When the sun sets and all the animals are sleepy, Little Bear is still wide awake, but finally, the cub too, yawns and, after a good-night kiss from Great Big Bear, drops off to sleep.
Haughton’s deceptively simple narrative chronicles a series of animal yawns. Using digital color effects with masterful control, he gradually darkens his palette as day turns into night. Early pages are cut so that each group is revealed in turn on successively bigger spreads, from small to large: mice, hares, deer, and bears. These nongendered, stylized, blue and black animal shapes have large eyes, heavy-lidded or entirely closed except for those of wide-awake Little Bear. A strip of green grass along the bottom of each spread gradually darkens, white space shrinks and disappears, and the colors of the plants and trees turn from gold to red to a brownish purple.
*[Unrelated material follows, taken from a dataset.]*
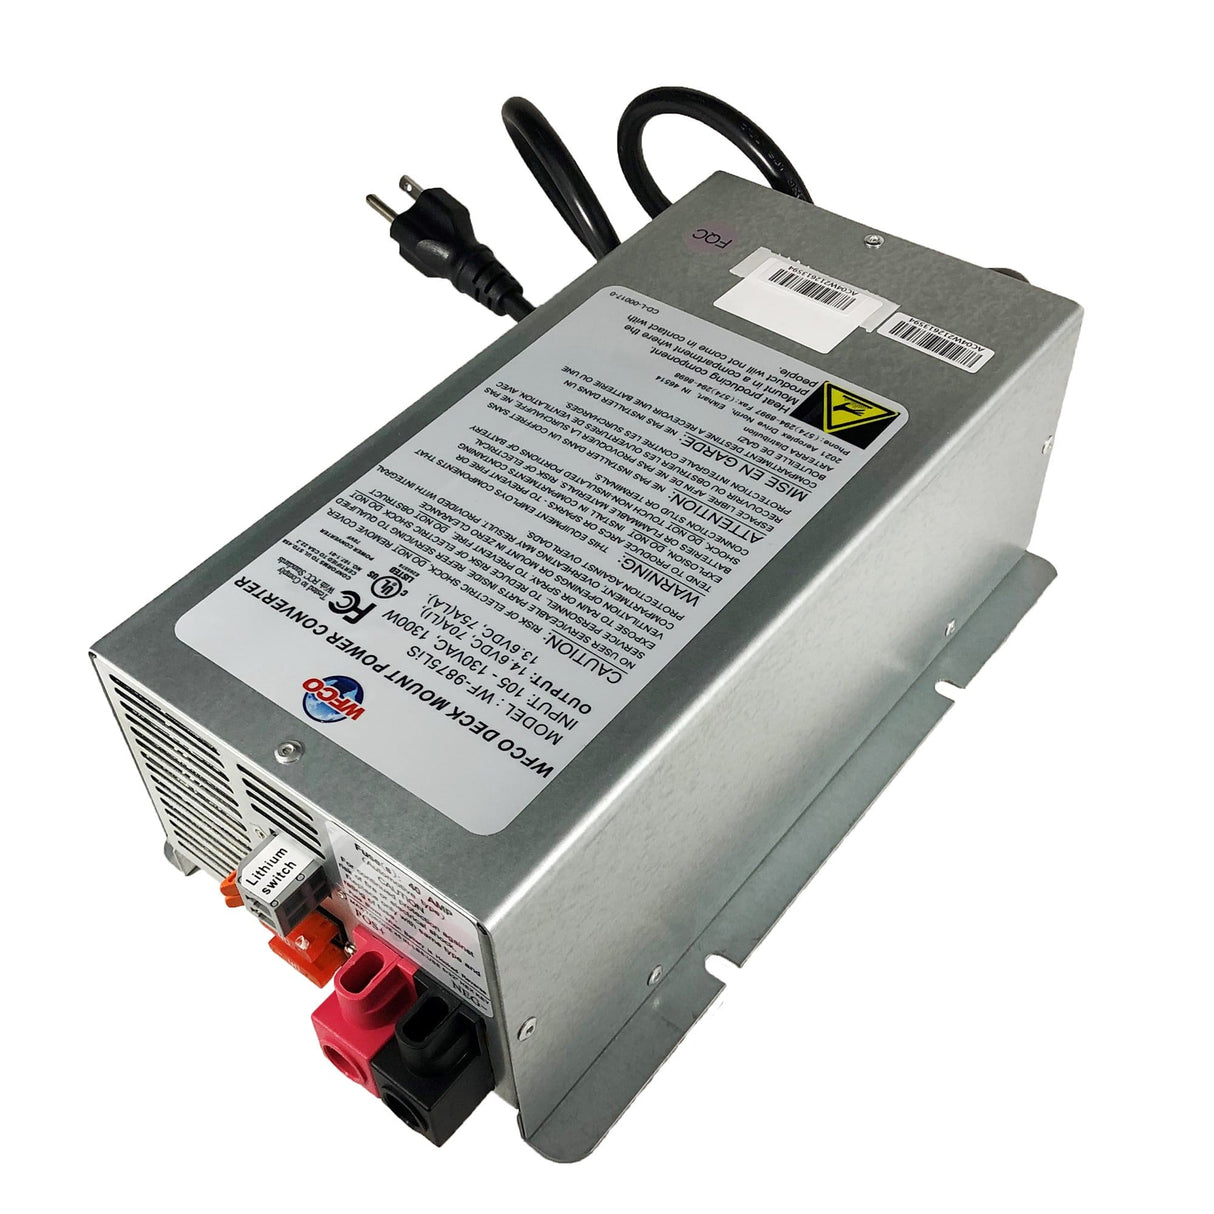 WF-9875-LIS 75A Lithium Switch Converter
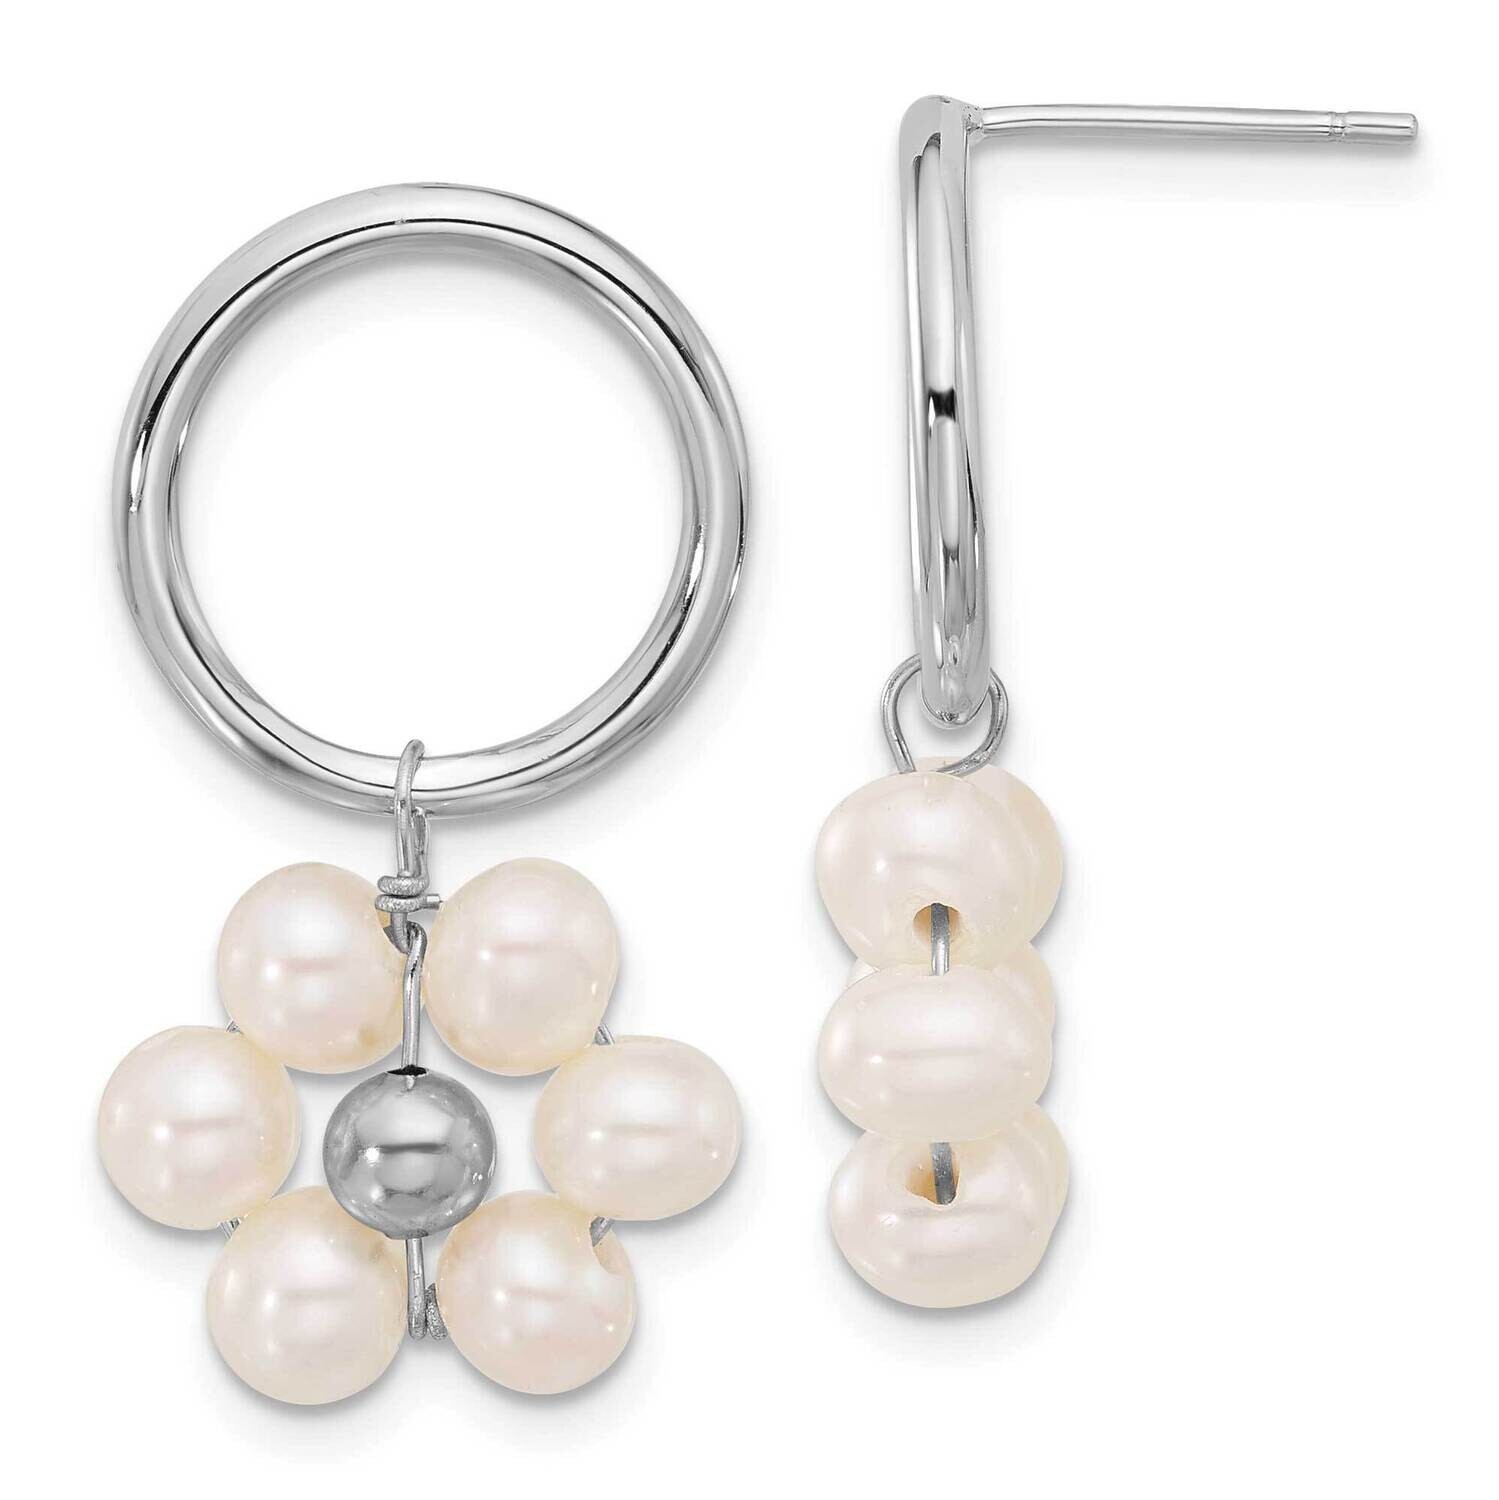 Rh-Plated 4-5mm White Fwc Pearl Flower Dangle Earrings Sterling Silver QE16719

The artist runs through his spectrum again in the final pages: mice sleep against a green backdrop, hares under an orange sky, deer against pinky-reds, and the bears in a purple and black world. Polar-centered star maps on the endpapers might suggest a different kind of story and add a mythic dimension. In front are the Southern Hemisphere constellations; in the back, the Northern Hemisphere reveals the Great Bear and the Little Bear in the sky.
An infectious bedtime story, sure to prompt yawns in readers and their preschool listeners as well.